Model: Participants would get feedback showing the model’s prediction and the applicant’s true percentile
Human: Participants would make a forecast and then get feedback showing their own prediction and the applicant’s true percentile
Model and human: Participants would make a forecast and then get feedback showing their own prediction, the model’s prediction, and the applicant’s true percentile.
Control: No experience.
Experimental flow diagram
Besides illustrating the analysis process for this subject, reproducing the analysis of a paper has other benefits.

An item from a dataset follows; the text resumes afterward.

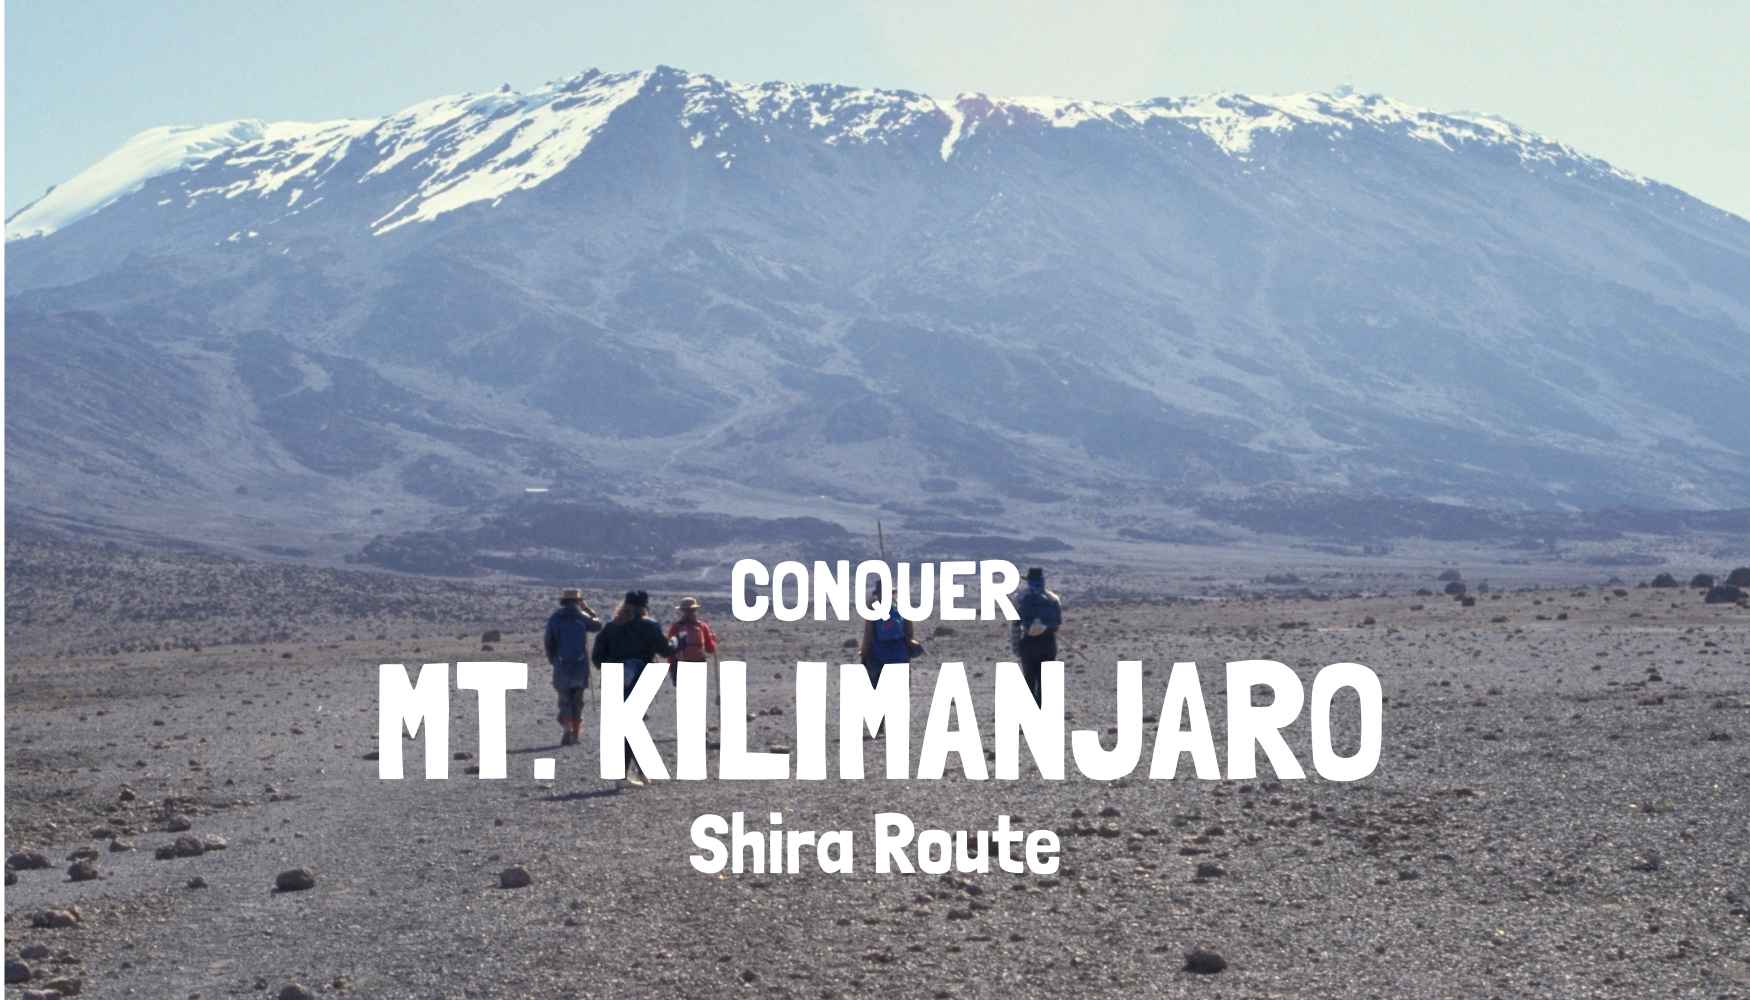 Kilimanjaro Shira Route Tanzania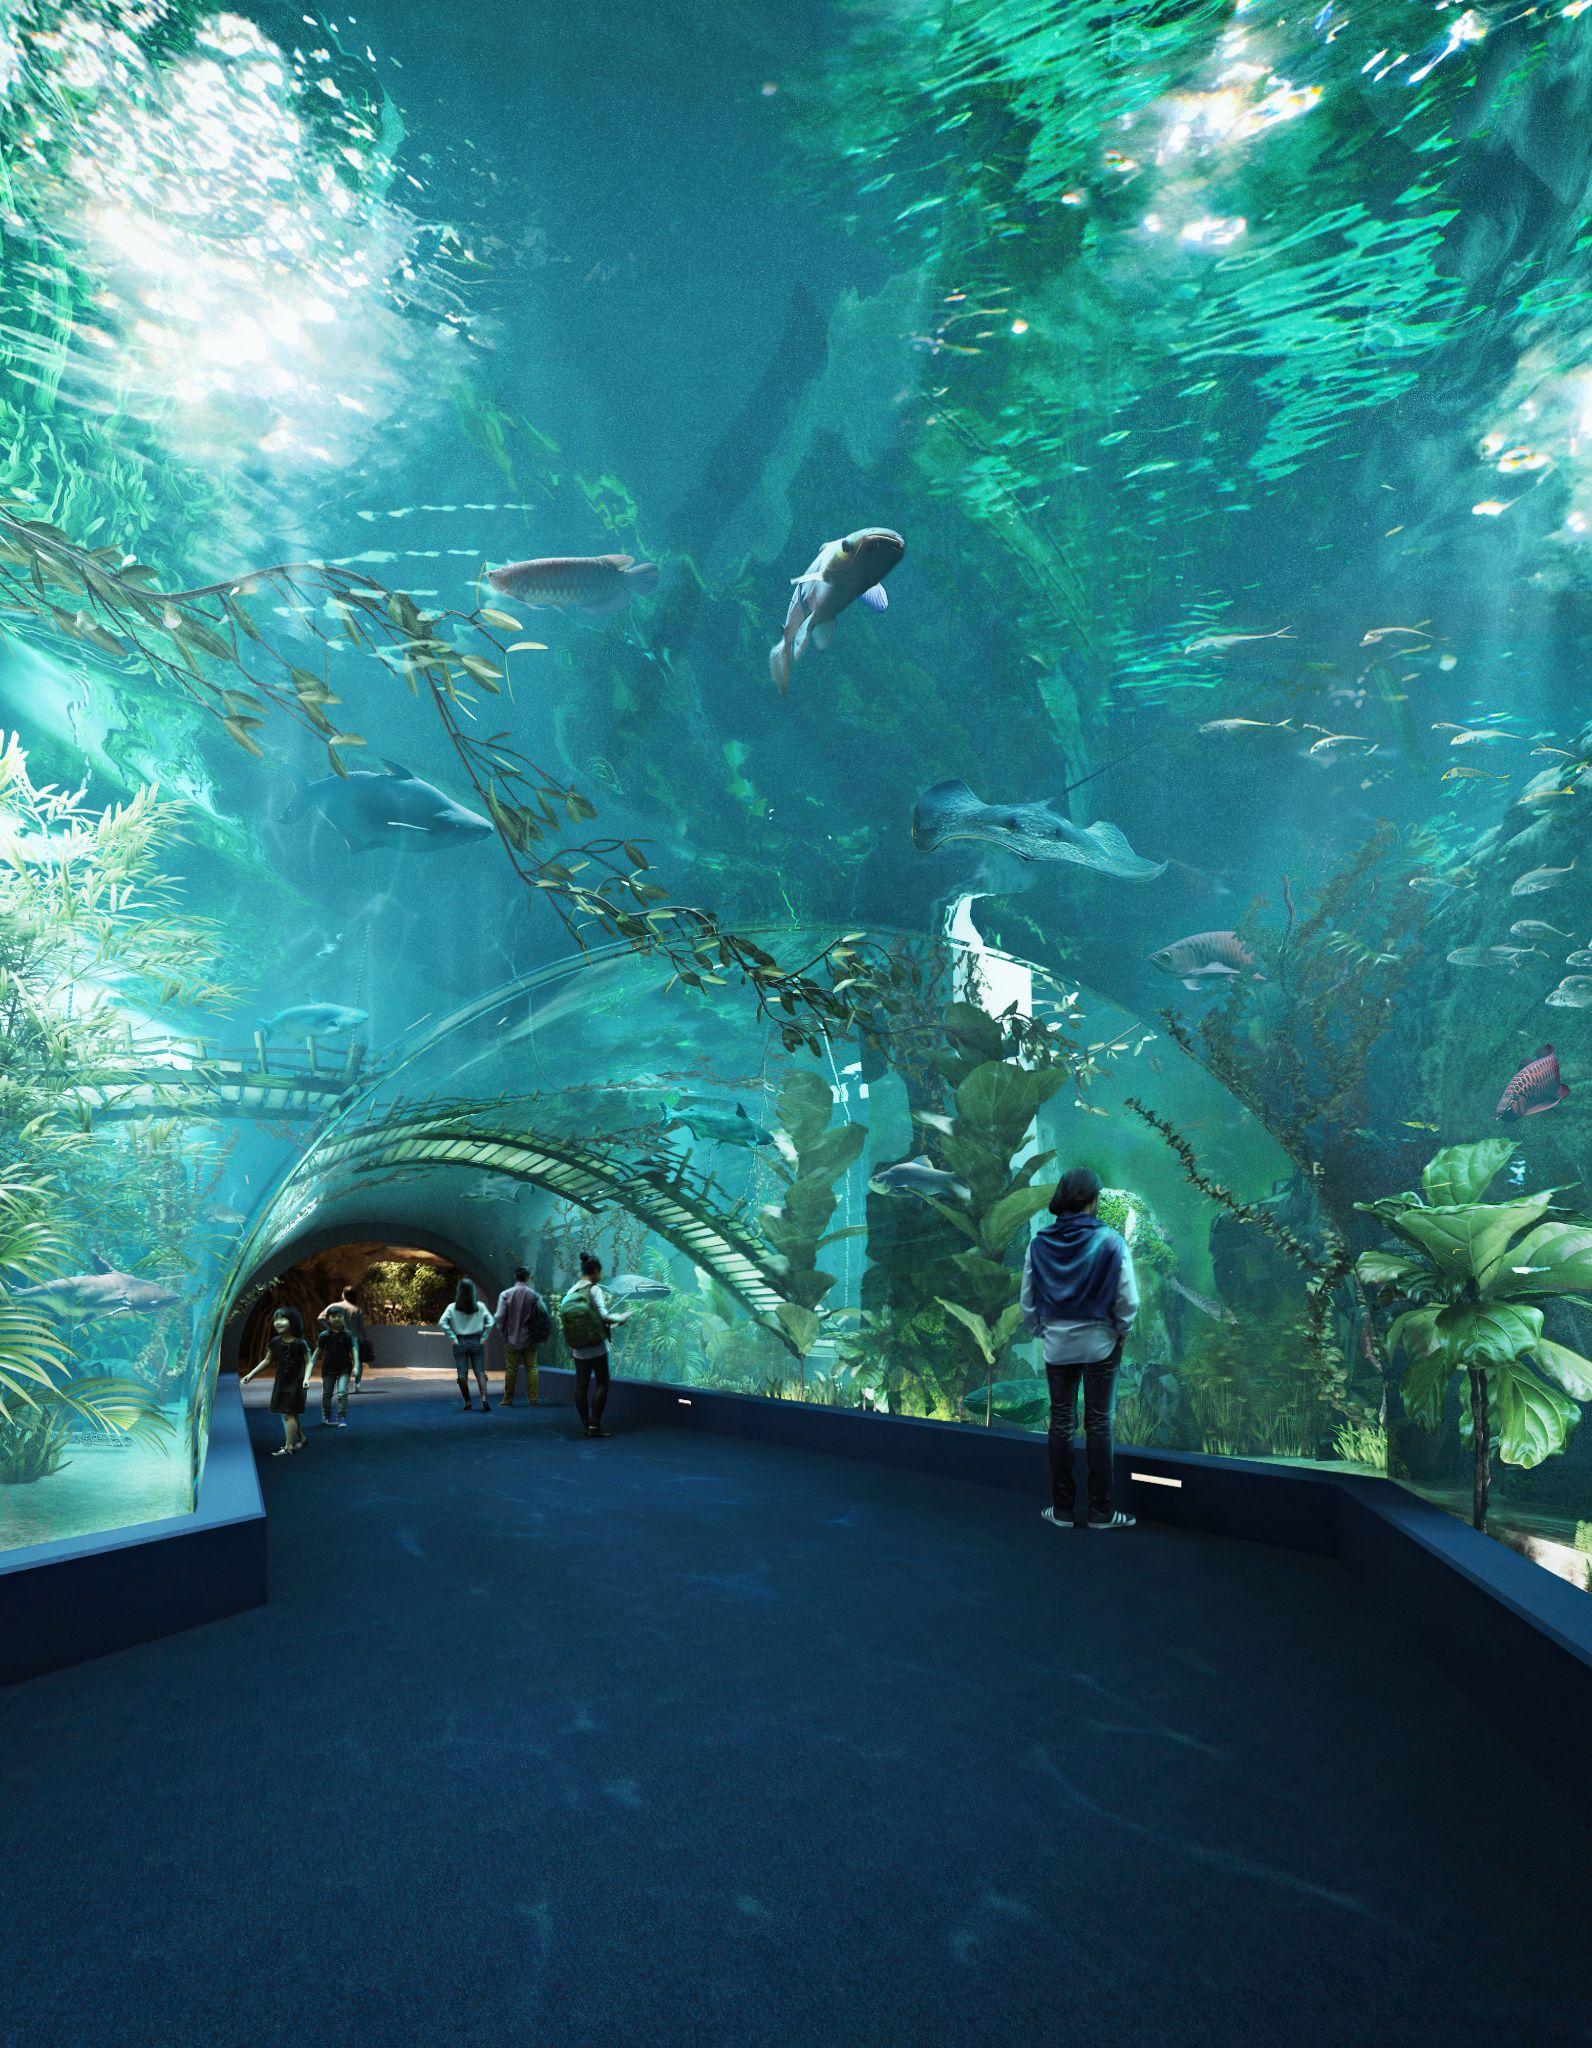 Thủy cung Lotte World Hà Nội - Thế giới đại dương đầy màu sắc sắp khai trương giữa lòng Thủ đô - Ảnh 3.

First, it allows you to check that the original analysis is correct. This is often not the case. Most times the errors are minor, but sometimes the original finding may not even hold. In that case, there may be limited value to the replication. You may also determine that an inappropriate analysis methodology has been used.
Second, reproducing the analysis is another way to understand better the experimental methodology and what the analysis shows. You can see what variables were recorded and how they are used.
It is normally only possible to reproduce the analysis if the original data is available on a public repository or from the authors.
The download includes the Stata code used by Dietvorst et al. (2015) to analyse the data. I do not know Stata, so I asked ChatGPT to translate the code into R. While that translation contained some errors, I made it operational with only minor changes.
In what follows I provide the R code that I used to reproduce the analysis. You can expand each “Code” item to see the code or copy it to replicate the results yourself.
22.3 Analysis
I start by downloading and unzipping the data file and loading the CSV for Study 1 into the R environment. I then made some amendments to the variable names to make them more readable (e.g. replacing the numbers for each condition with the words they represent: 1=control, etc.).
Code
# Data downloaded from https://researchbox.org/379&PEER_REVIEW_passcode=MOQTEQ#Load data from csvdata <-read.csv("data/Study 1 Data.csv", header =TRUE, sep =",", na.strings =".")# Change to camel casecolnames(data) <-paste(tolower(substring(colnames(data), 1, 1)), substring(colnames(data), 2), sep ="")names(data)[1] <-"ID"# Define label mappingscondition <-c("1"="control", "2"="human", "3"="model", "4"="model&human")modelBonus <-c("0"="choseHuman", "1"="choseModel")binary <-c("0"="no", "1"="yes")betterStage2Bonus <-c("1"="model", "2"="equal", "0"="human")confidence <-c("1"="none", "2"="little", "3"="some", "4"="fairAmount", "5"="aLot")# Apply label mappings to variables - have done more here than required for analysis, but might be useful laterdata$condition <-factor(data$condition, labels = condition)data$modelBonus <-factor(data$modelBonus, labels = modelBonus)data$humanAsGoodStage1 <-factor(data$humanAsGoodStage1, labels = binary)data$humanBetterStage1 <-factor(data$humanBetterStage1, labels = binary)data$humanBetterStage2 <-factor(data$humanBetterStage2, labels = binary)data$betterStage2Bonus <-factor(data$betterStage2Bonus, labels = betterStage2Bonus)data$model <-factor(data$model, labels = binary)data$human <-factor(data$human, labels = binary)data$modelConfidence <-factor(data$modelConfidence, labels = confidence)data$humanConfidence <-factor(data$humanConfidence, labels = confidence)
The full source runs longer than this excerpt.